Friday, August 13, 2010

Get Up, Stand Up: Standing and the Prop. 8 Trial


I thought there was something farcical about adjudicating marriage and voter intent through the prism of a bench trial in a San Francisco Federal Court as a means of deciding whether there was H8 involved in the Prop. 8 vote. But the post-trial maneuvering has really elevated things to a sort of meta-farce. Judge Walker has refused to stay his ruling pending appeal in part because the defense lacks standing to appeal in the first place Then, what the hell was the trial for?

Walker, in his own 11-page decision released Thursday at 12:35 p.m., again offered a scathing critique of Prop. 8 and the evidence its proponents offered during a nonjury trial in January.

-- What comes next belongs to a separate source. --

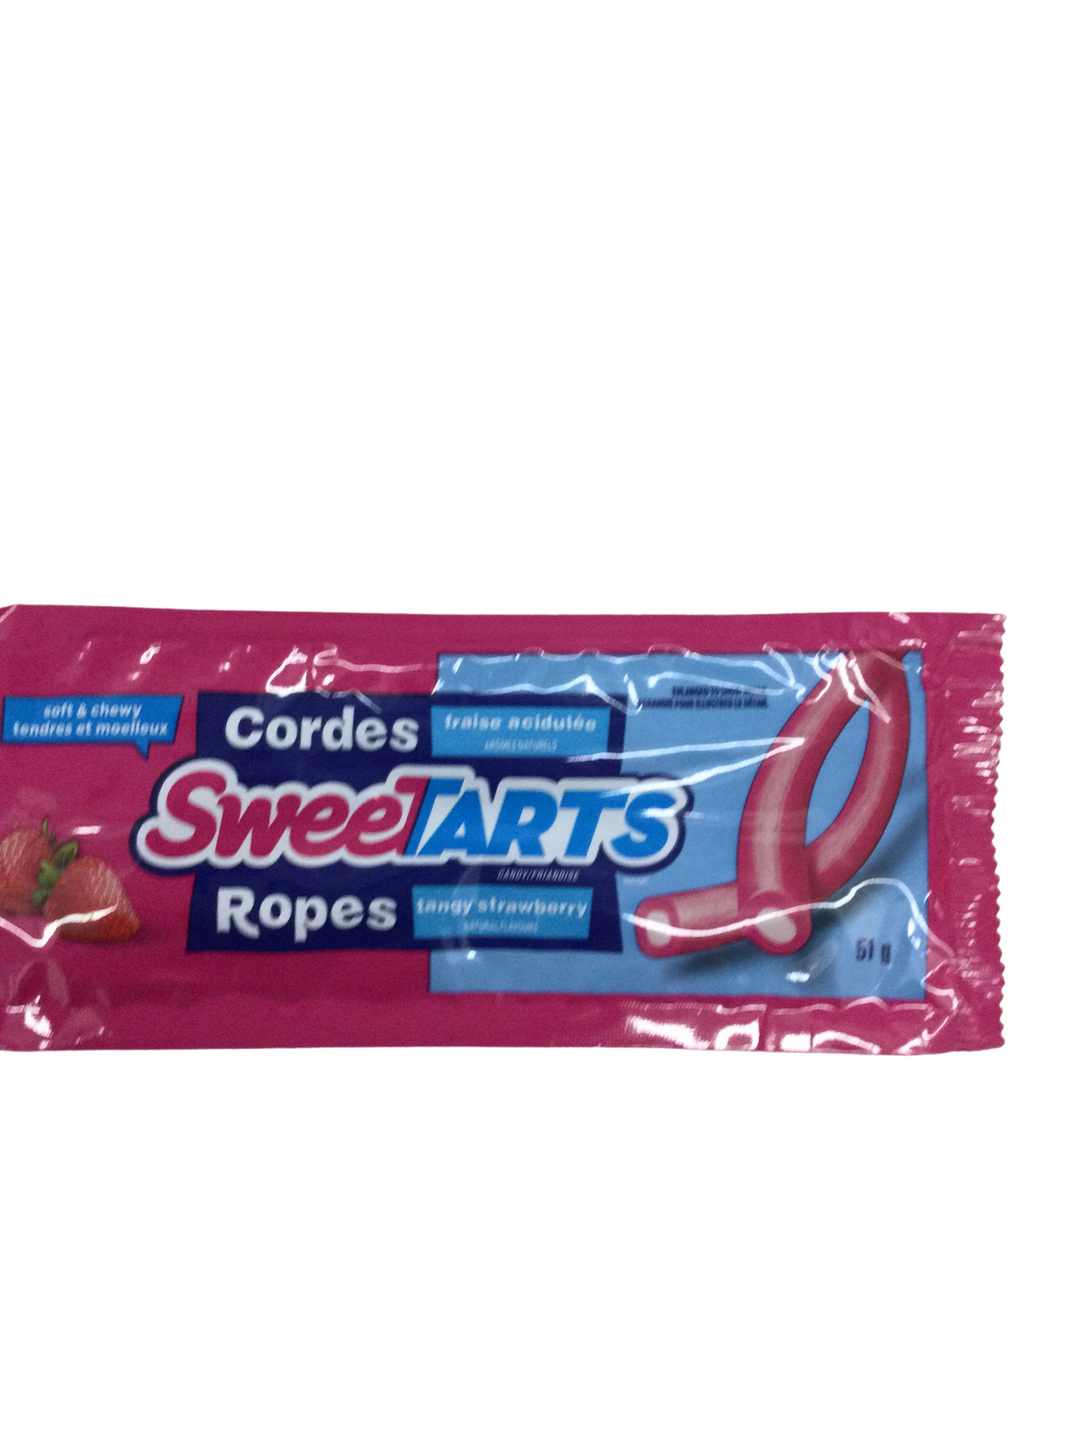 Sweetarts Ropes Tangy Strawberry 51 G

Walker said the stay should be lifted because the ban's supporters had not shown how allowing same-sex marriages to proceed would damage them or the state. Walker also said that proponents of the ban, which voters approved two years ago, had not demonstrated that they were likely to prevail on appeal.

Moreover, Walker noted, the state did not defend Prop. 8. Instead, private organizations stepped in - but they might not have standing to appeal.

"It appears at least doubtful," Walker wrote, "that proponents will be able to proceed with their appeal without a state defendant. ... In light of those concerns, proponents may have little choice but to attempt to convince either the governor or the attorney general to file an appeal."

That likelihood is less than slim: Opponents of Prop. 8 were joined in their request that the stay be lifted by Gov. Arnold Schwarzenegger and Attorney General Jerry Brown.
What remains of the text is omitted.